The discounted value of future net revenues from our proved reserves is typically computed under two methods, both of which are useful for analysts and other readers of our financial statements. One measure, which conforms to Generally Accepted Accounting Principles ("GAAP"), is the after-tax Standardized Measure of Discounted Future Net Cash Flows ("SMOG"), which is calculated as the present value of estimated future net revenues discounted at a 10% interest rate and reduced by estimated future income tax expenses associated with the properties, with such taxes discounted at 10% based on the expected date of future tax payments. The other method is the pre-tax present value of estimated future net revenues discounted at a 10% interest rate, or "PV-10." PV-10 does not conform to GAAP, but is widely used as a comparative metric in our industry. Both methods utilize the same SEC price assumptions, based on trailing twelve month historical commodity prices in the field, held constant for the life of the properties and also assume continuation of existing economic conditions for operating costs and other deductions. Our discounted values under the two methods are as follows:
Standardized Measure of Proved Reserves (after-tax) |
$ 82.9 million |
Effect of Future Income Taxes, Discounted at 10% |
$ 28.0 million |
PV-10 Value of Proved Reserves |
$ 110.9 million |
The $110.9 million PV-10 value above is comprised of $101.7 million for proved developed producing reserves and $9.2 million for proved undeveloped reserves.
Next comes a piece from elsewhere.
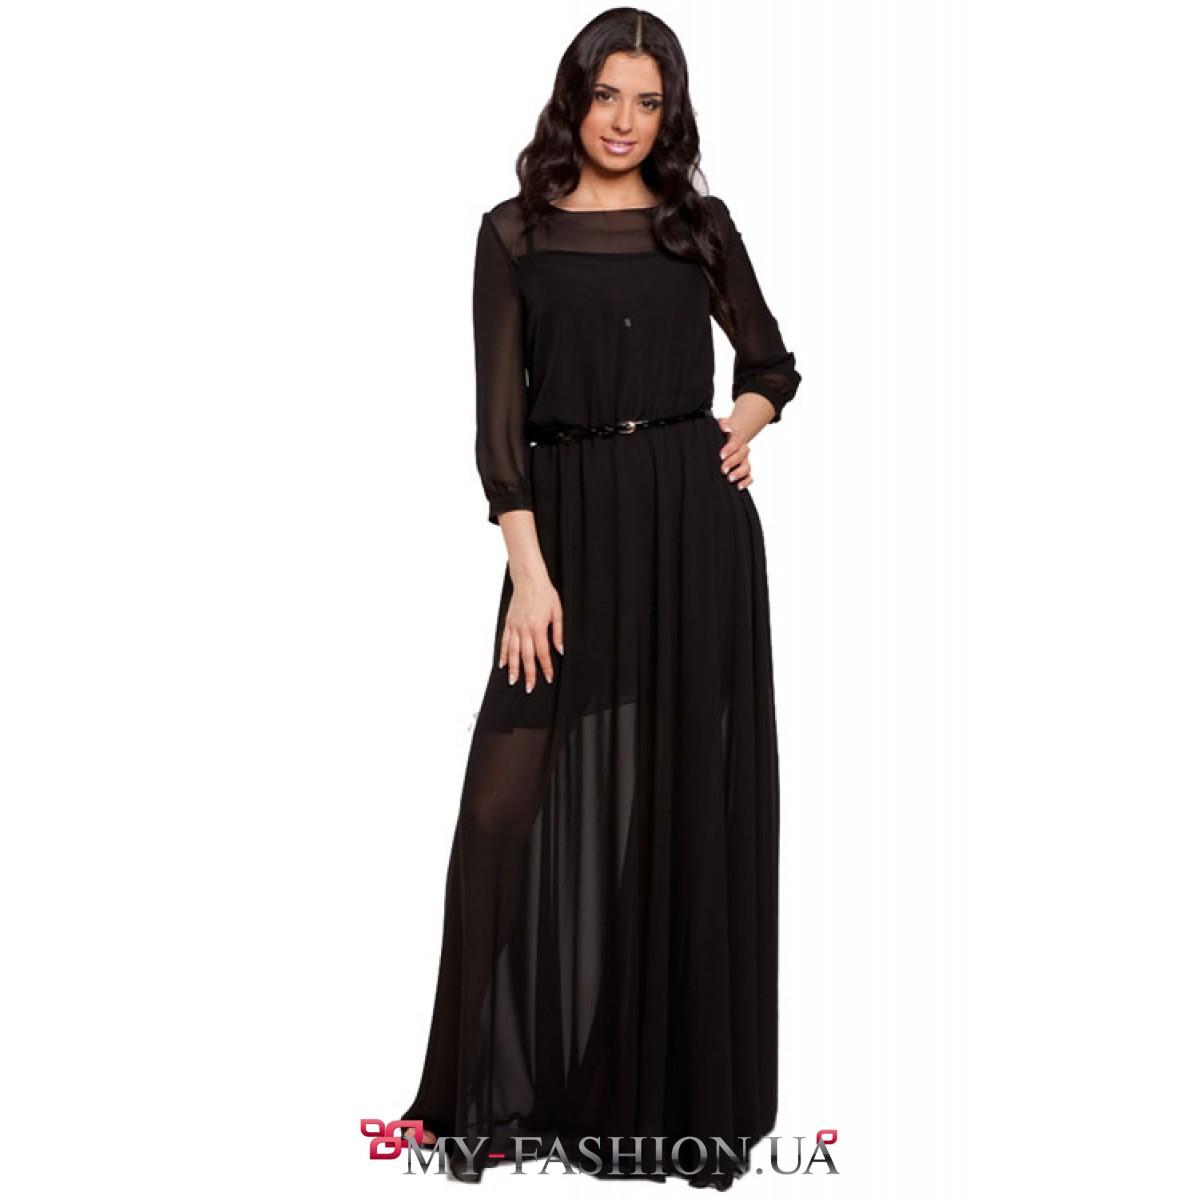 Купить платье чёрное с шифоном

It is not practical to allocate future income taxes and compute SMOG values for producing versus undeveloped reserves, nor is there a comparable GAAP measure for probable or possible reserves.
The NGL plant was completed and online in December 2016. The plant has achieved its intended objectives which were (a) to remove the less dense hydrocarbons, primarily methane, from the CO2 recycle stream to improve the efficiency of the flood, (b) to produce marketable natural gas liquids for sale and (c) to produce sufficient quantities of methane and ethane to fuel the electric turbine to produce electric power in the field. The NGL plant went through an extended startup period during which certain throughput issues were identified and addressed. During this time, the plant has been operating at 25-30% below capacity, which has reduced the volumes of both NGL's and methane produced and has returned CO2 to the recycle plant for reinjection at slightly below the targeted purity range.
The lower production rate relative to plant capacity required an engineered solution to modify the CO2 processing at the inlet of the recycle plant at a cost of approximately $230 thousand, net to us. This modification project involved a four-day rolling shut-down of the recycle facility and NGL plant and was completed approximately three weeks ago in mid-August. Production results since these modifications were completed appear to have achieved the goals set out for the project. We are pleased to report that during the subsequent three week period, (a) the NGL plant has been operating at substantially 100% of capacity, (b) CO2 purity has been at or above the goal of 96%, (c) NGL volumes have been at our targeted production range of approximately 1,400 barrels per day on a gross basis and (d) methane production has supplied substantially all of the requirements for the electric turbine with minimal purchased natural gas. The electric turbine has been generating power at its rated capacity and supplying part of the power needs of the recycle facility. This should reduce future operating expenses.
Fiscal 2018 Capital Budget and Financial Outlook
We have approved expenditures totaling approximately $6.0 million net to our interest for two projects in the Delhi field. All costs are related to the proved undeveloped reserves. The first project, estimated at $3.2 million, is an infill drilling program consisting of eight wells. Three of the wells are for CO2 injection and the other five are production wells. These wells will target productive oil zones within the currently producing area of the CO2 flood. We believe these wells will both add production and increase ultimate recovery of reserves which are not being swept effectively in the current flood. The second project, estimated to cost approximately $2.8 million, consists of three new water injection wells and related infrastructure in preparation for development of Phase V of the flood. Total future development costs for Phase V are approximately $10.9 million. At this point, we expect the remaining $8.1 million of spending on Phase V to move forward in late calendar 2018 or 2019.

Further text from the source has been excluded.